Introduction
I’ve been working on transforming the manual tracking and testing processes into a fully automated pipeline by converting raw data into a Langfuse dataset via a CLI tool. The goal is simple: take the metadata from that spreadsheet and automate the execution of each individual repository to test our agent's performance at scale.
Importance of Agent Testing Pipelines (APTs)
Basically, we can't rely on manual spreadsheets or checking a single repository to know if the agent is actually working. The reality is that LLMs are non-deterministic, they can work perfectly one time and fail the next, so we need volume to get any real confidence. Scaling this pipeline allows us to run experiments against fifty different projects at once, catching edge cases and regressions that a human would definitely miss. It’s about moving away from "hoping it works" to actually proving it, without spending hours manually verifying every single trace.
.png)
The Workflow
Previously, the tool only handled single-repository test generation. I have now expanded the logic to handle end-to-end execution based on trace metadata.
Here is the current flow of the CLI tool:
- It reads the repository metadata from the Langfuse dataset.
- It clones the specific repository into the benchmark_example folder.
- It starts the agent on that specific workspace.
- The agent kicks off its internal process: indexing the codebase and generating the Docker Compose file.
By having the CLI manage the repository setup and the agent handle the generation, we can now run full experiments on Docker Compose generation automatically.
Running an Experiment
To run an experiment, I’m using uv. The command is straightforward:
uv run benchmark run <experiment_config.yml>The entire experiment is defined in a YAML configuration file. This allows us to be granular about what we test. In the YAML, you define:
- Dataset & Run Name: To track it in Langfuse.
- Endpoint: The target URL.
- Input Mapping: How variables map to the endpoint.
- Filters: I introduced metadata filtering to control the scope. For example, right now, I’m filtering out "big projects" to prevent crashes while debugging, focusing only on smaller repositories.
- Evaluators: A list of automated checks to run on the output traces.
Current Results and Challenges
When the experiment runs, the results are pushed directly to Langfuse. You can see the specific run and the traces corresponding to each repository tested.
However, I am currently facing a synchronization issue regarding the Docker Compose status.
The CLI waits for a "status up" signal. The problem is that the agent sometimes reports the status as "up" while it is still trying to complete the generation. Consequently, the CLI receives the success signal and shuts down the process before the agent has actually finished the work. This results in truncated runs (e.g., seeing only 4 out of 10 expected items) or infinite loops where the status never resolves.

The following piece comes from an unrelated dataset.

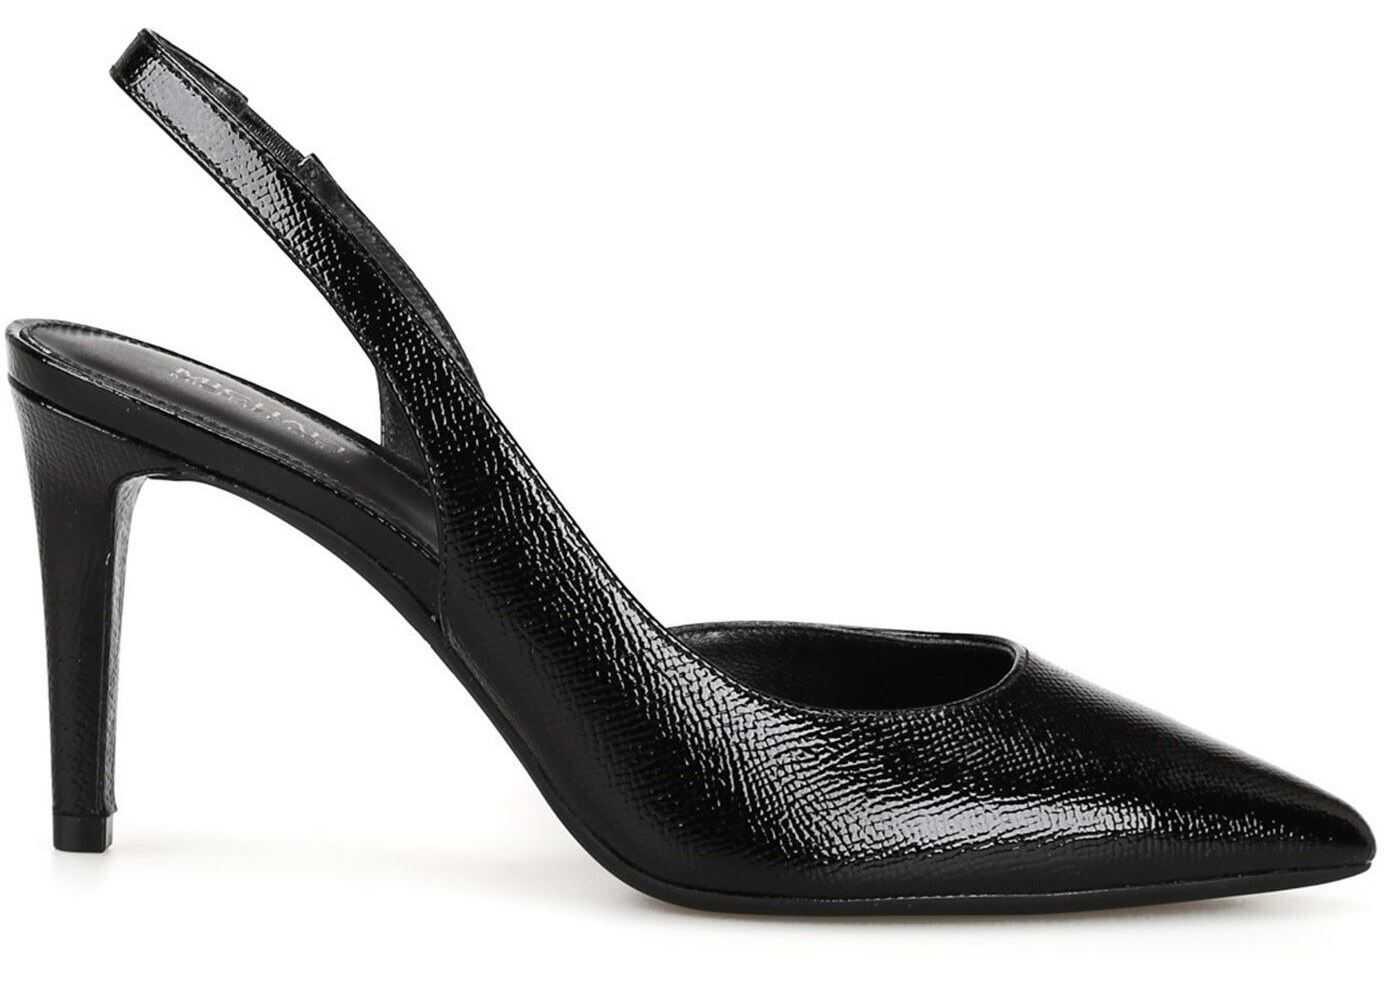 Michael Kors Lucille Black Embossed Leather Slingbacks Black

To fix this, we likely need to decouple the "Compose status" from the "Agent status." I am discussing with Jordan about adding a specific field or endpoint to poll the actual agent completion status, rather than just the Docker container status.
.png)
Automated Evaluation (LLM-as-a-Judge)
The next major step is integrating automated evaluation. While we can use Python-based checks (validating output schema, checking string length, etc.), the real value comes from LLM-as-a-judge.
The concept is to take the agent’s input and output, compare it alongside the "expected output" from our dataset, and have an LLM score the quality. This will annotate the traces automatically, simulating a human reviewer.
There is a trade-off here: relying on an LLM judge means we essentially have to "evaluate the evaluator" to ensure it's accurate. However, once tuned, this will significantly speed up our feedback loop compared to manual annotation.
Q: Should we run this in CI/CD?
My stance is that we should not run this on every Pull Request. Calling live LLM providers (OpenAI, etc.) is slow, expensive, and flaky (random 400 errors or JSON parsing failures).
Instead, this pipeline is best suited for pre-release checks (e.g., nightly builds) to ensure no regression occurs before a deployment.
Regarding performance, the tool currently runs sequentially. This is because we do not yet have multi-workspace support in the product. Once we enable multi-instance support or multi-workspace capabilities in the backend, we can parallelize these runs to drastically reduce execution time.
Next Steps
- Fix the Status Logic: Implement a robust check for agent completion to prevent premature CLI shutdown.
- Refine Evaluators: Work with Michael to finalize the LLM-as-a-judge implementation.
Scale: Once the status bug is squashed, remove the filters and run the benchmark against the full 50+ repository dataset.